Cemeteries and churchyards are also ideal for finding a shady seat for lunch on a hot day when seats in the shade are in short supply. So that’s where I sat today, with the occasional relative or friend of the departed coming to pay their respects, and to water the flowers on the graves.

The entrance to the cemetery where I stopped for my lunch

Beyond the cemetery, I passed a museum of rural life, which only apparently opens once or twice a week for a couple of hours, before passing under a motorway via an underpass. On the other side I met the Isonzo river – none other than the Soca in the guise of an Italian name. It was only a week since I’d last walked alongside it, before first crossing the border into Italy, but it felt more tamed here, less rugged, and was surrounded by scrubland rather than the backdrop of the Karavanke mountains.

Despite the river’s proximity to the motorway, people were still enjoying the waters here, although in nothing like the numbers I saw when it was the Soca, not the Isonzo, back near Bovec last week. It was still recognisably the same river though, with its distinctive blue -green colour (clear water and the nature of the river bed? I’m not sure) and white rocky beaches and paths alongside. Indeed, the path I was following was another white stony path like last week’s near Dreznica and, as before, the instant you started walking on it, you could detect the intensity of the heat reflecting off the ground.

The Isonzo – aka the Soca- on today’s walk

Then, strangely, the path took me back under the motorway and on a fairly pointless detour to a place called Farra d’Isonzo, only to come back and cross the motorway a third time. Here, somehow, I lost the track and ended up taking a bit of a short cut, along a busy road, luckily with space to walk alongside the carriageway. Finally I arrived in Gradisca d’Isonzo and my hotel.

For an English traveller you cannot imagine the joy in finding not only did this hotel room have air conditioning, but it was the first in five weeks to have a kettle and a selection of teabags. The things you miss about home!

Todays walk totalled 23.5 km or 14.7 miles. Cumulatively I have now walked 618 km or 386 miles
Todays walk was one of the most level so far (note scale above). I climbed 245 metres and descended 295 metres. Cumulative ascent now 21173 metres.

Tomorrow as I write, is still a bit uncertain. There are areas affected by recent, but currently extinguished, wildfires ahead and it looks like stage 33 is entirely closed. I am taking advice from Simona, the very helpful lady at the Tarvisiano tourism agency, who has made all of the arrangements for me on the second half of this trip, before I decide exactly what to do. I know I won’t be hiking the whole of what I’d originally planned to do tomorrow, but I’m hoping I can walk a short way along a pretty route known as the Rilke path, if only for a couple of hours. We’ll have to wait and see.

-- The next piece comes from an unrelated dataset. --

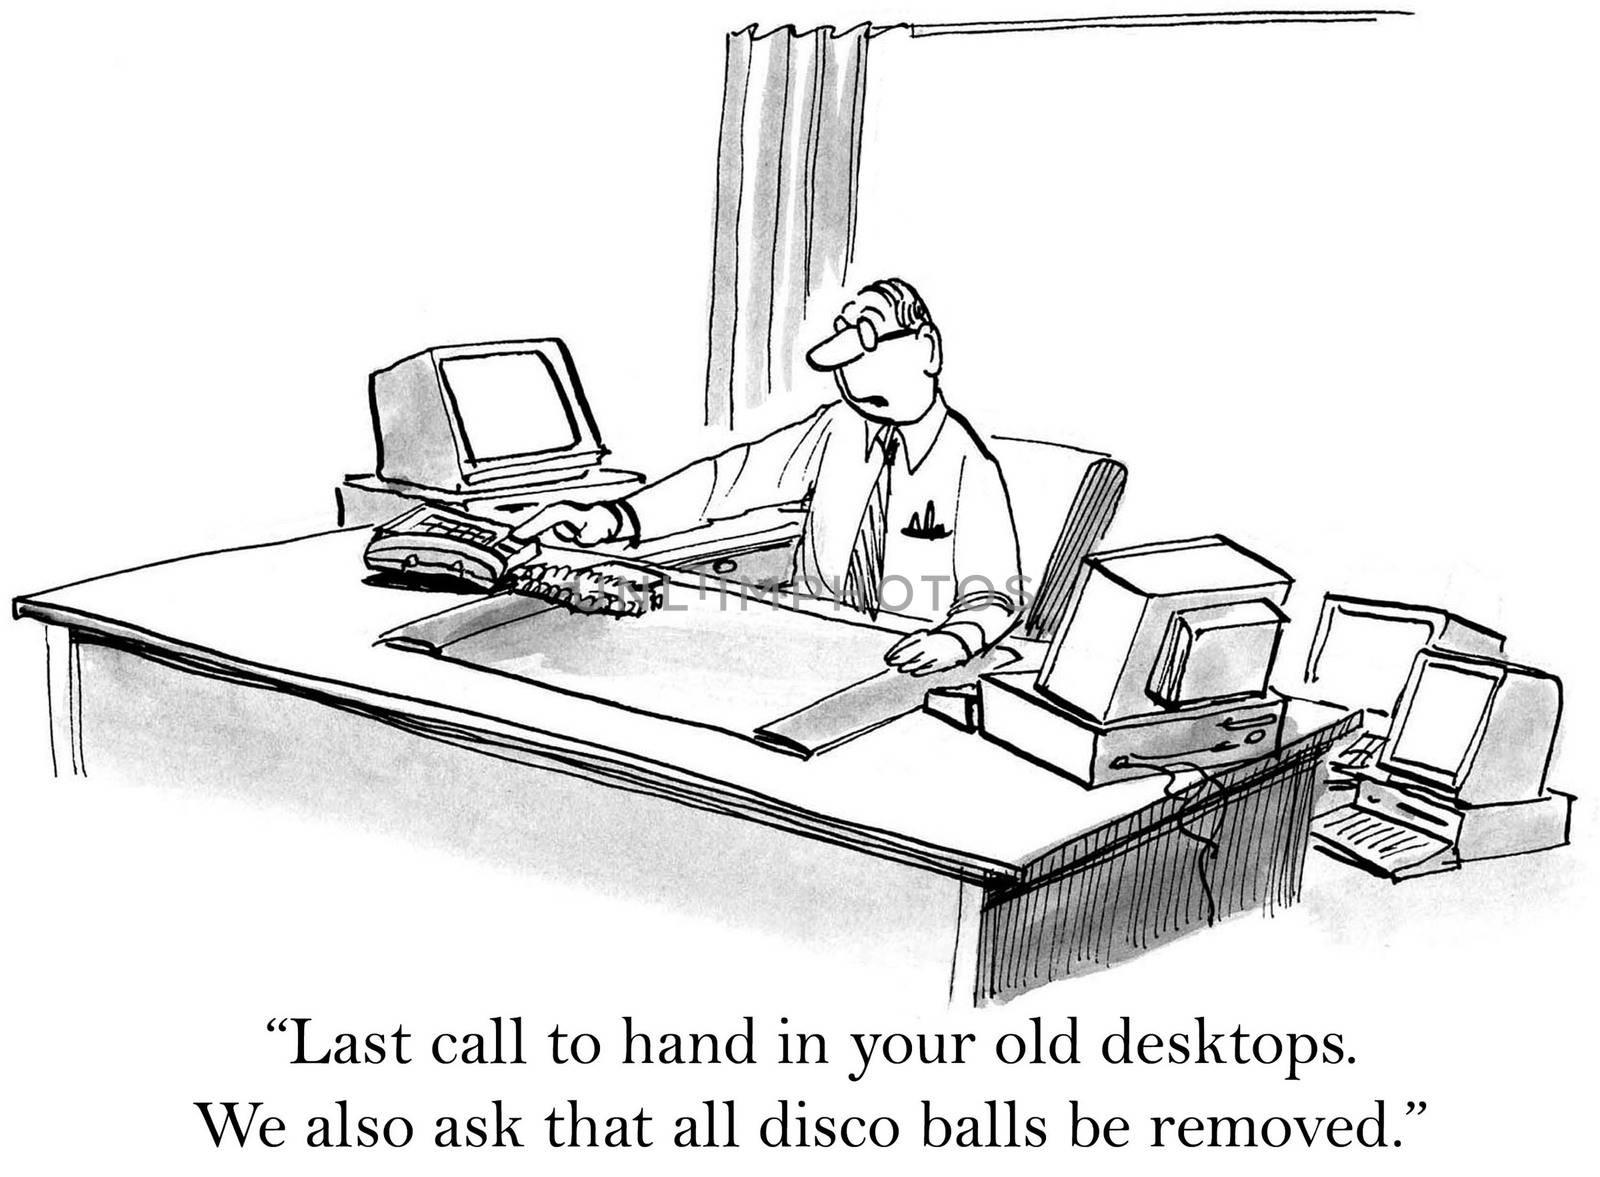 "Last call to hand in your old desktops. We also ask that all disco balls be removed."
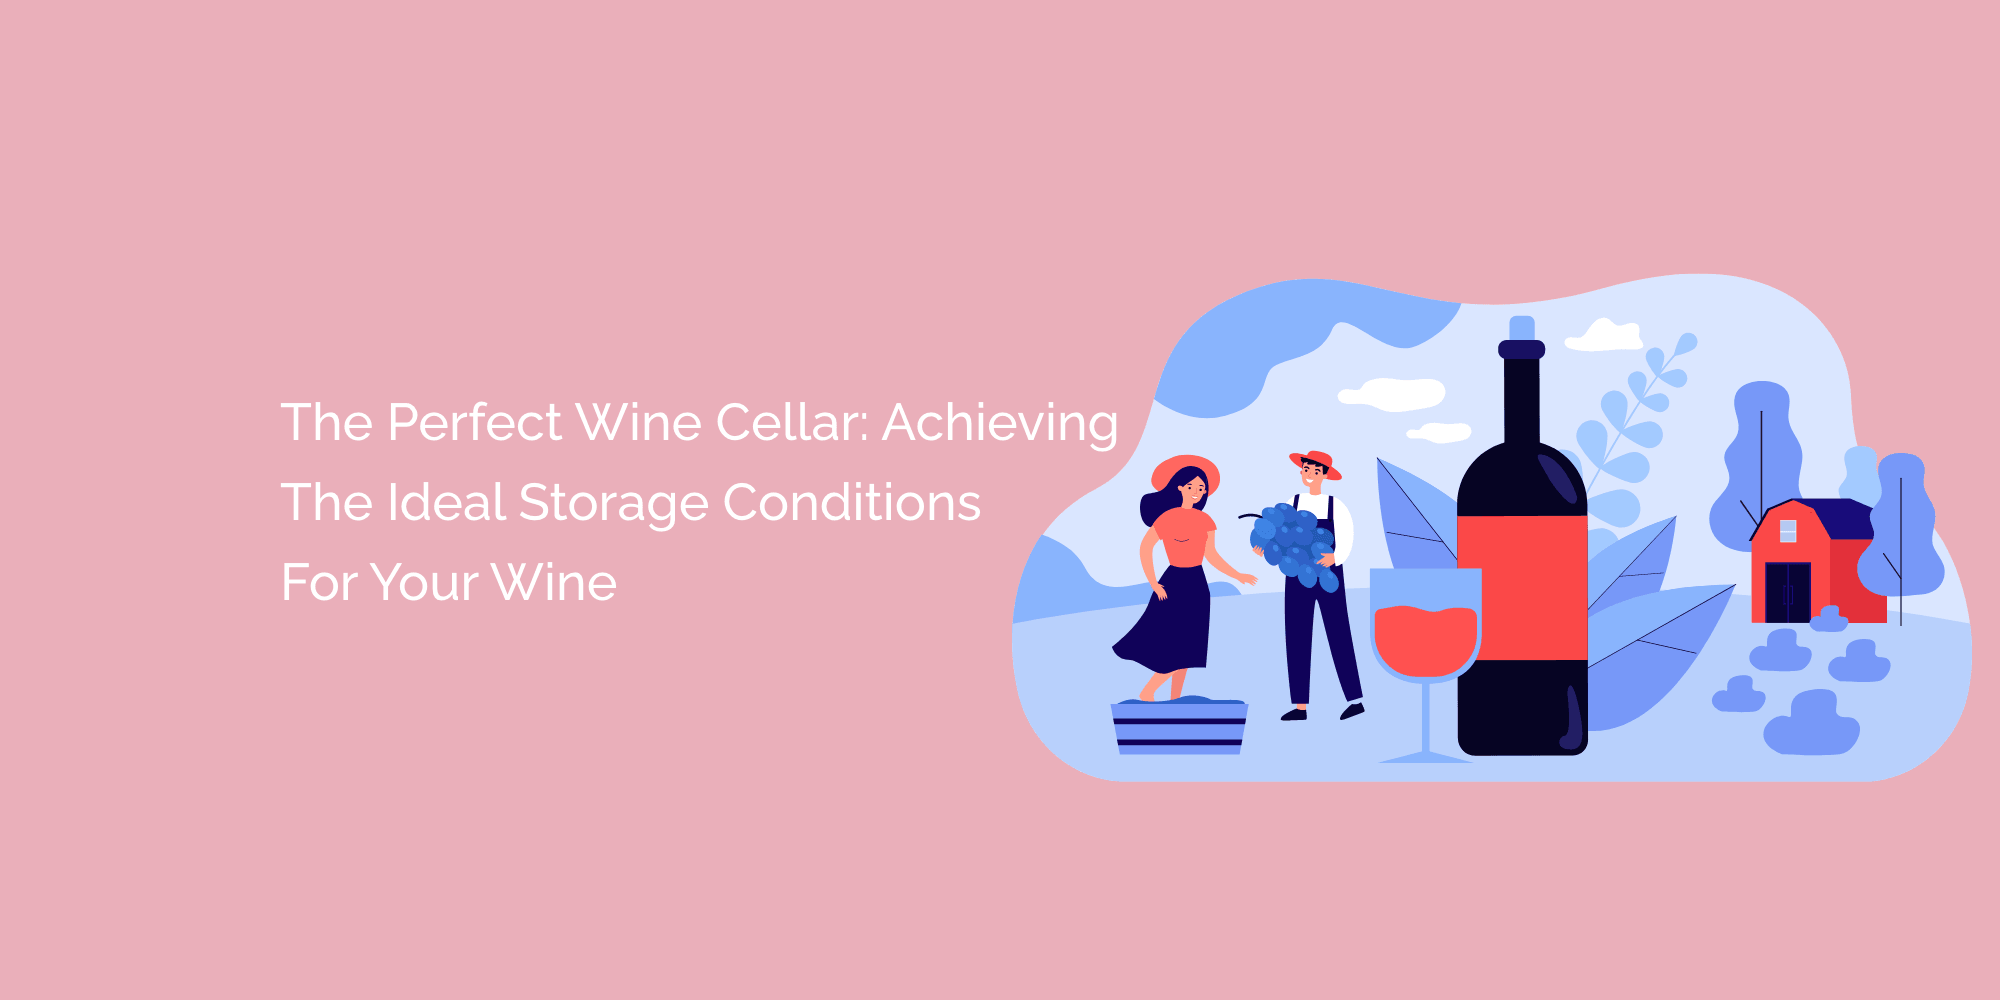 The Perfect Wine Cellar: Achieving the Ideal Storage Conditions for Your Wine

Hiking the Alpe Adria Trail: Day 31

The wind rattled through the window during the night, but by morning the air was still and the sun was beaming strongly, heralding another hot, dry day. It was forecast to be at least as hot as yesterday, in the low to mid 30s, and was already baking hot when I left Smartno around 9:00 am.

Vineyards all around

After first following a misleading sign down a rocky path, I made my way back up to the road to take me though a succession of Slovenian villages, including Travnik, Kozana and Medana. The road had a steady flow of traffic, and there wasn’t a pavement, so it was a relief when the route finally led off the road for a little while- down to a dry river bed and through vineyards. Again vineyards were all around, dominating the landscape.

A break from the road

It wasn’t flat, but the inclines weren’t too sustained and generally after climbing a bit, I’d drop down again. Soon I was back on the road though, and all along it were a succession of hotels and restaurants promoting the local wine. As I’d seen before at intervals there were a number of unusual seats designed also to promote a particular variety or vineyard and encourage you to stop for a glass or two.

These seats appeared at intervals along the road. Securely is a wine variety of the region.

The road crossed back into Italy, this time marked by border signs, and what looked like a former customs post, with smashed-in windows. Unsurprisingly, once the border was crossed, the landscape didn’t look much different though, and I soon passed the village of Plessiva, with another restaurant promoting local wine.

The border between Italy and Slovenia appears to be marked by a drain.

After about three hours’ walking I was beginning to think that I was in for a third consecutive day of nothing but vineyards, vineyards and yet more vineyards. Now I know I welcomed the change on Monday, but to be honest, walking though agricultural land of any sort is not really what I enjoy. At home, I don’t mind a little walking across fields or field edges, as part of a walk, but I’ve always preferred woodland, riverside, forest, heathland, mountain and moor.

Soon after crossing into Italy, and passing Plessiva village the route took a turn to the right, signed as Bosco Plessiva- Plessiva wood. I spotted a shady picnic bench by an empty childrens’ playground where I could have my lunch. I can tell you the first bit of sustained shade for about three hours was hugely welcome, and when I came to resume my walk afterwards, I was delighted to find that the next hour and a half carried on within the woods, making a welcome change from the endless vineyards and direct heat of the sun.

The welcome shade and variety of the woods

The woodland path was interesting too. It wound around, up and down, performing a u shape in the route before finally emerging at yet another vineyard. As this trail frequently does thought it reserved a little ‘treat’ for the end – the biggest climb of the day, and then as my destination, Cormons, opened out before me, the biggest descent. The route followed a steep cobbled path that eventually came out at another road near my hotel.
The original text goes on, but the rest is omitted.